I'd actually like to pull out the mock YARN stuff out for re-use --same for any blacklisting code written for long-lived apps.

I also filed a JIRA "rework DShell to be a good reference design", which means implement the MVC split and add a secure RPC service API to cover that topic.

Otherwise: have a look at the twill project in incubation. If someone is going to start writing a YARN app, I'd say: start there. 

2014-01-01

My policy on open source surveys: ask the infrastructure, not the people

An email trickling into my inbox reminds me to repeat my existing stance on requests to complete surveys about open source software development: I don't do them.

chairlift

The availability of the email address of developers in OSS projects may make people think  that they could gain some insight by asking those developers questions as part of some research project, but consider this
  1. You won't be the first person to have thought of this -and tried to conduct a survey.
  2. The only people answering your survey will be people who either enjoy filling in surveys, or who haven't been approached, repeatedly before.
  3. Therefore your sample set will be utterly unrealistic, consisting of people new to open source (and not yet bored of completing surveys), or who like filling in surveys.
  4. Accordingly any conclusions you come to could be discounted based on the unrepresentative, self-selecting sample set.
The way to innovate in understanding open source projects -and so to generate defensible results-  is to ask the infrastructure: the SCM tools, the mailing list logs, the JIRA/bugzilla issue trackers. There are APIs for all of this.

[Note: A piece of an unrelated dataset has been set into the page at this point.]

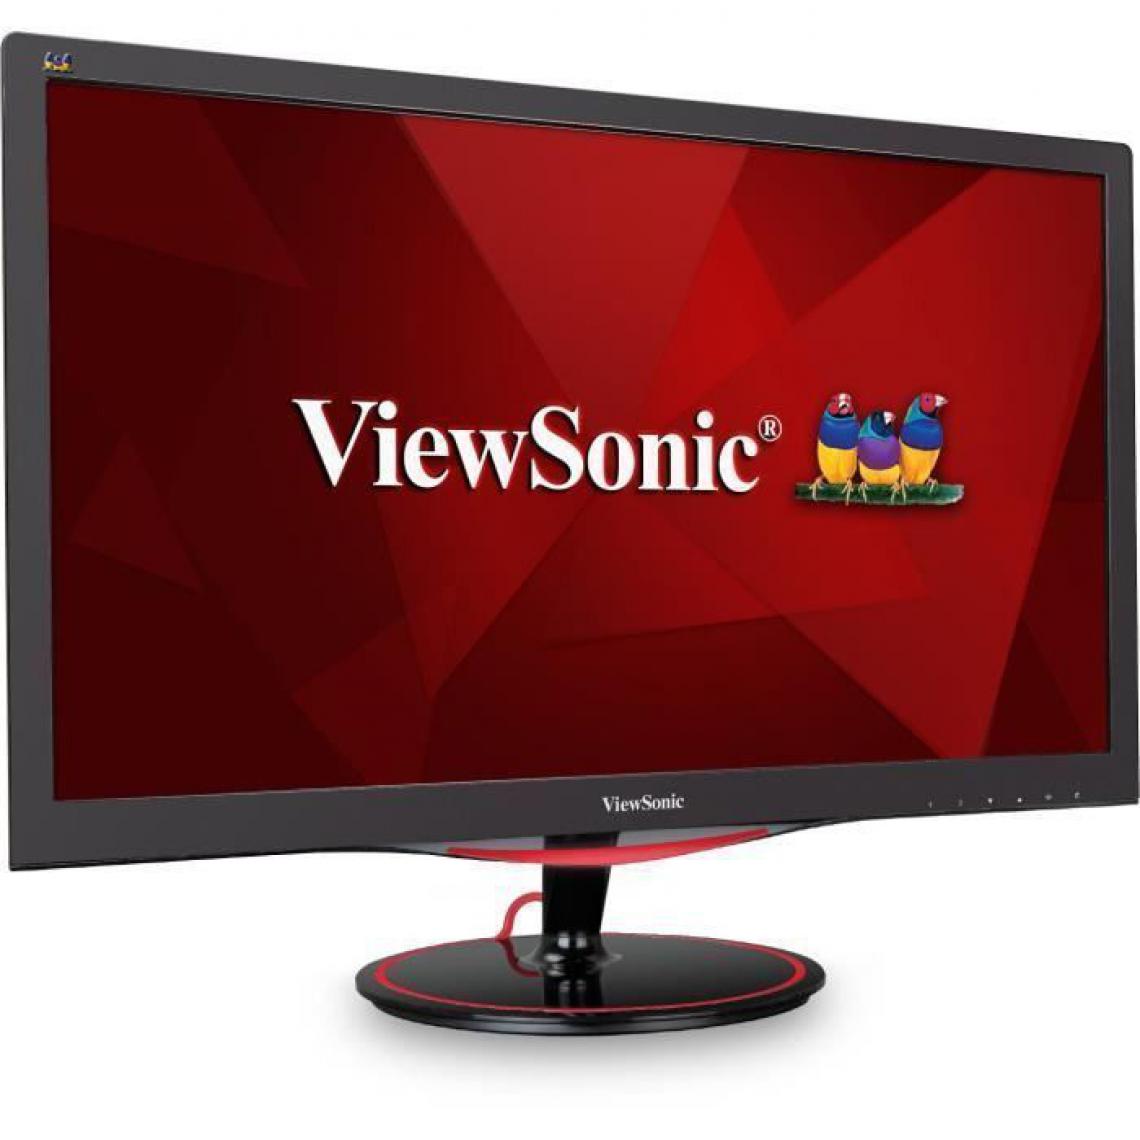 Viewsonic - Ecran Gaming FreeSync VIEWSONIC VX2458-MHD - 24 POUCES - 1 ms - 144HZ - 2 HDMI - Black stabilisation - Moniteur PC
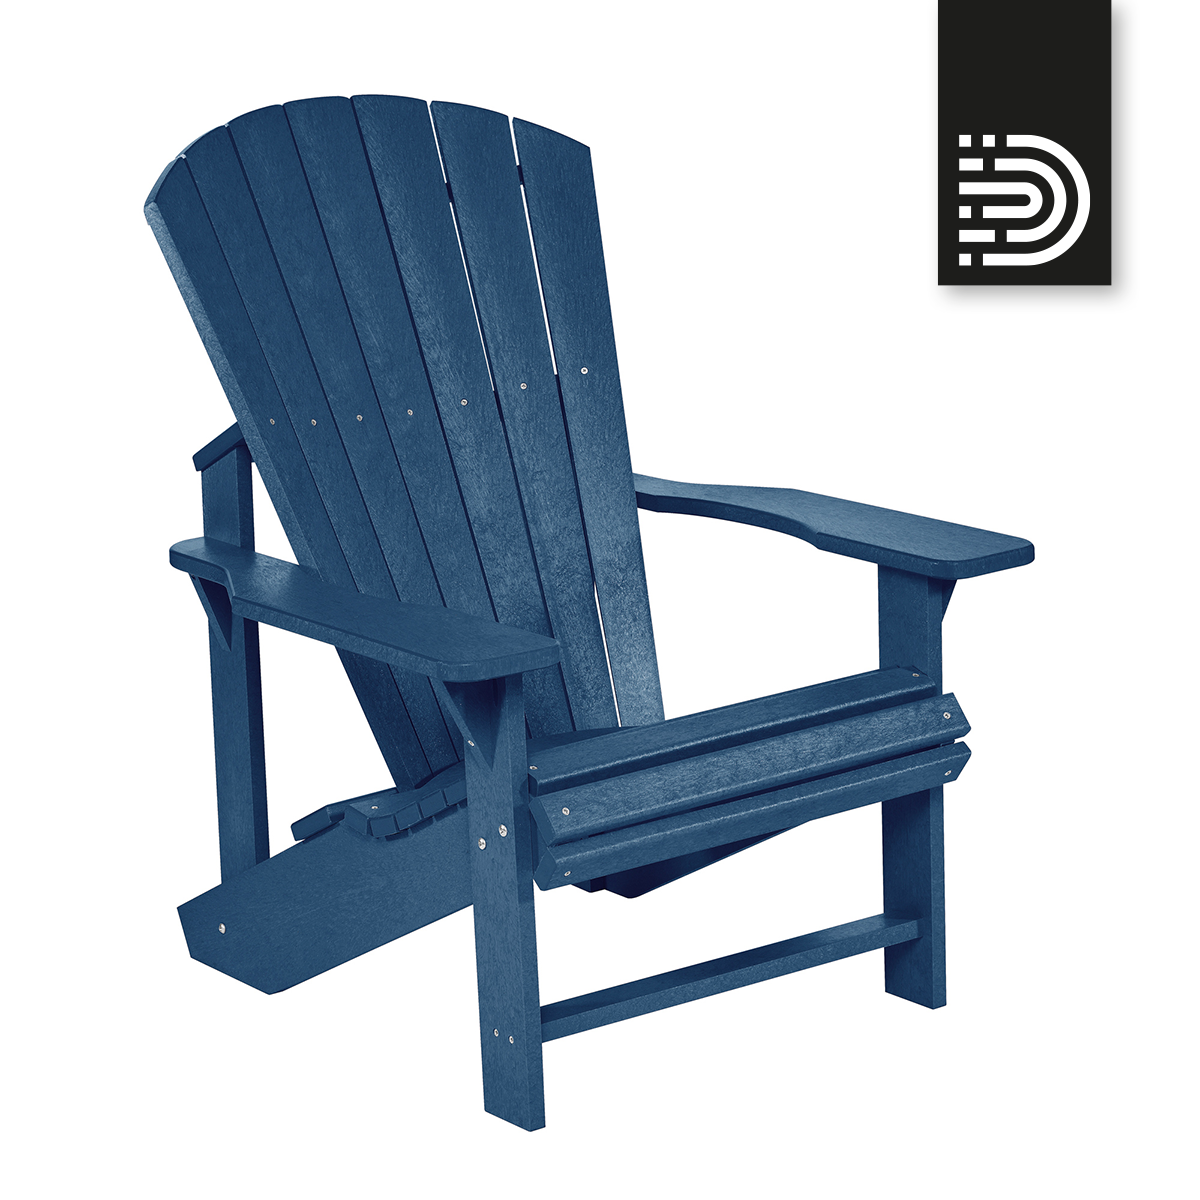  C01 Classic Adirondack Chair - navy blue 20

Here then are some better ideas than yet-another-surveymonkey email to get answers whose significance can be disputed:
  1. Look at the patch history for a project and identify the bodies of code with the highest rate of change -and the lowest. Why the differences? Is the code with the highest velocity the most unreliable, or merely the most important?
  2. Look at the stack traces in the bug reports. Do they correlate with the modules in (1)?
  3. Does the frequency of stack traces against a source module increase after the patch to that area ships? or does it decrease? That is, do patches actually reduce the #of defects, or as Brooks said in the Mythical Man Month, simply move around. 
  4. Perform automated complexity analysis  on source. Are the most complex bits the least reliable? What is their code velocity?
  5. Is the amount of a discussion on a patch related to the complexity of the destination or the code in the patch?
  6. Does that complexity of a project increase of decrease over time?
  7. Does the code coverage of a project increase or decrease over time?
See? Lots of things you could do -by asking the machines. This is the data-science way, not asking surveys against a partially-self-selecting set of subjects and hoping that it is in some way representative of the majority of open source software projects and developers.